A permanência do ministro José Viegas durou de 1º de janeiro de 2003 a 8 de novembro de 2004, após a divulgação de texto do Exército que rebatia reportagem sobre a morte do jornalista Vladimir Herzog, descrito no texto que “as medidas tomadas pelas forças legais foram uma legítima resposta à violência dos que recusaram o diálogo”. Aquela resposta do Comando da Força Terrestre teve como consequências a demissão do titular da Defesa e manutenção no Comando do Exército do General-de-Exército Albuquerque. Esse fato foi explorado por Dirceu – demonstrando que seus objetivos quantos ao papel das Forças Armadas eram os de sua visão -, que relata sua visão de como se deu a questão, que poderia criar fissões entre Presidente da República e o Comando do Exército: Para nós, era responsabilidade do general Francisco Ribeiro de Albuquerque, comandante do Exército. No nosso entendimento, os arquivos 59

e a busca dos mortos e desaparecidos era uma só operação e deveria contar com o apoio das três armas. [...] Em 2004, nem o afastamento do chefe da Comunicação Social do Exército acontecia. Eu era totalmente favorável à sua demissão imediata.
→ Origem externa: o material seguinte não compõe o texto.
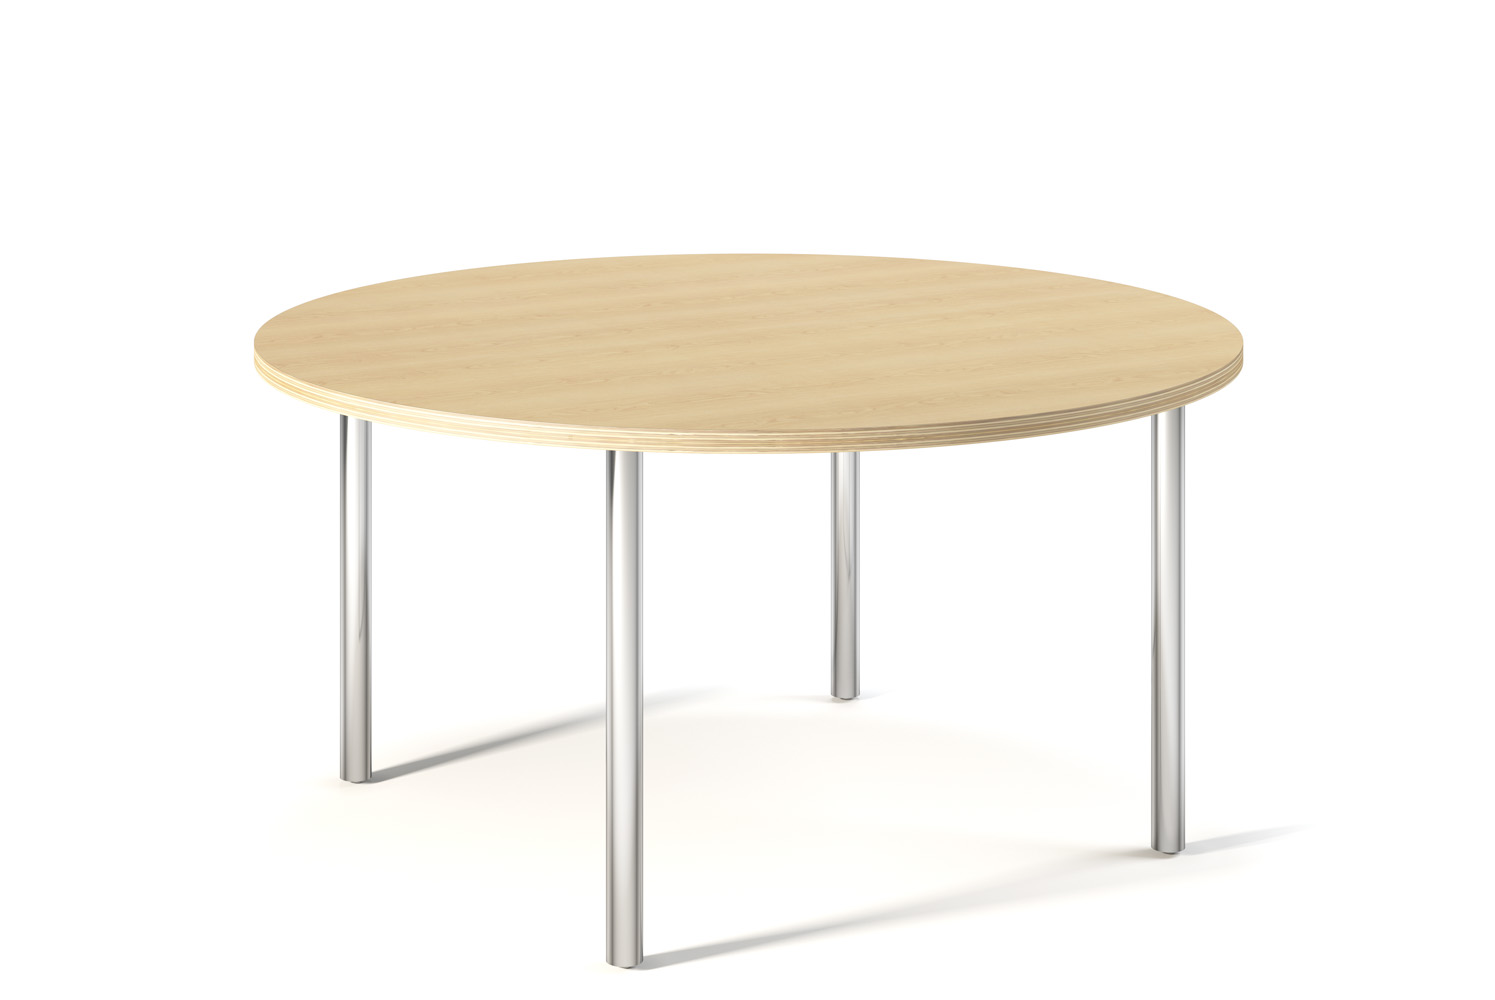 Post 60 Diameter Cafe Table

Era o mínimo a fazer. [...] Nas forças armadas sil6encio e perigo de crise se o governo vacilasse. [...] o Decreto- lei 4.850, de 10/2013, que criou a comissão interministerial para localização dos mortos de desaparecidos foi muito mal recebida. [...] Mais de três décadas após a redemocratização, as forças armadas ainda não estão totalmente submetidas ao poder civil. Orçamentos, currículos e métodos pedagógicos, aposentadorias, promoções e assensos são basicamente decididos entre e pelos militares. Lutávamos para prevalecer o caráter democrático e profissional das forças armadas. Devem obediência à constituição, embora permaneçam impunes os crimes do regime autoritário. E deveriam estar compromissadas para com a necessidade estratégica de estabelecer uma doutrina de defesa nacional compatível com o poder nacional e os objetivos do Brasil, só possível com um projeto autônomo e soberano de desenvolvimento nacional, inclusive da Indústria de Defesa Nacional. (2018, p.402-404, grifo nosso)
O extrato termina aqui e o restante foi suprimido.